A new broad-range antibiotic kills a wide range of bacteria, including intractable Methicillin-Resistant Staphylococcus aureus (MRSA) infections which fail to respond to traditional antibiotics, and the Anthrax bacteria.
Scientists at Rockefeller University and Astex Pharmaceuticals jointly developed the new antibiotic, Epimerox, which uses weak spots in the bacterial cell walls as a point of attack. These weak spots are already a target for bacteriophage viruses, AKA ‘phage’ viruses, which infect and replicate inside bacteria.
Viral Tactics for Infecting Cells
Bacteriophage infect bacteria by targeting weaknesses in their cell walls, and this new antibiotic uses the same successful tactic. “We’re taking advantage of what phage have ‘learned’ during this period for us to identify new antibiotic targets we believe will escape the problem of resistance found for other antibiotics,” says senior author Vincent Fischetti, head of the Laboratory of Bacterial Pathogenesis and Immunology, Rockefeller University, New York.
Fischetti and his colleagues used a molecule encoded with phage genes to identify a bacterial target enzyme called 2-epimerase, which is not native to the human body – an amino acid in the cell wall that dissolves in water.

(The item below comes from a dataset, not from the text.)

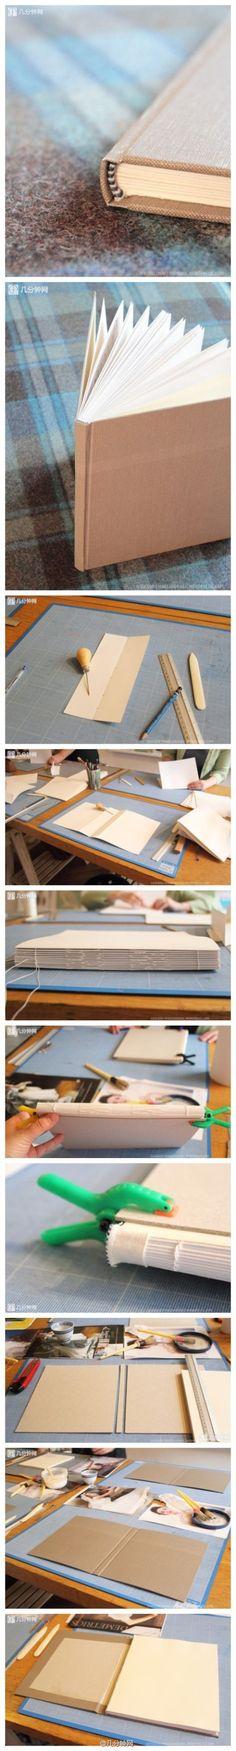 Tutoría de encuadernación   -   Bookbinding tutorial

In 2008, Fischetti’s lab, along with Rockefeller University’s Erec Stebbins and his colleagues in the Laboratory of Structural Microbiology, mapped the internal crystal structure of the 2-epimerase enzyme. The researchers identified a previously-unknown regulatory mechanism in 2-epimerase, and targeted it when developing a new multi-use antibiotic.
New Antibiotic Using Inhibitory Compounds
Raymond Schuch, a former postdoctoral researcher in Fischetti’s lab, tested the new antibiotic in mice infected with Bacillus anthracis; Epimerox fully protected the mice from anthrax bacteria. Further, the bacteria did not develop resistance to the inhibitor over the course of the research. The researchers also found that Epimerox was able to kill Methicillin Resistant Staphylococcus aureus (or MRSA) with no evidence of resistance developing, even after extensive testing.
“Since nearly all Gram-positive bacteria contain 2-epimerase, we believe that Epimerox should be an effective broad-range antibiotic agent,” says Fischetti. “The long-term evolutionary interaction between phage and bacteria has allowed us to identify targets that bacteria cannot easily change or circumvent. That finding gives us confidence that the probability for developing resistance to Epimerox is rather low, thereby, enabling treatment of infections caused by multi-drug-resistant bacteria such as MRSA. It is a very encouraging result at a time when antibiotic resistance is a major health concern.”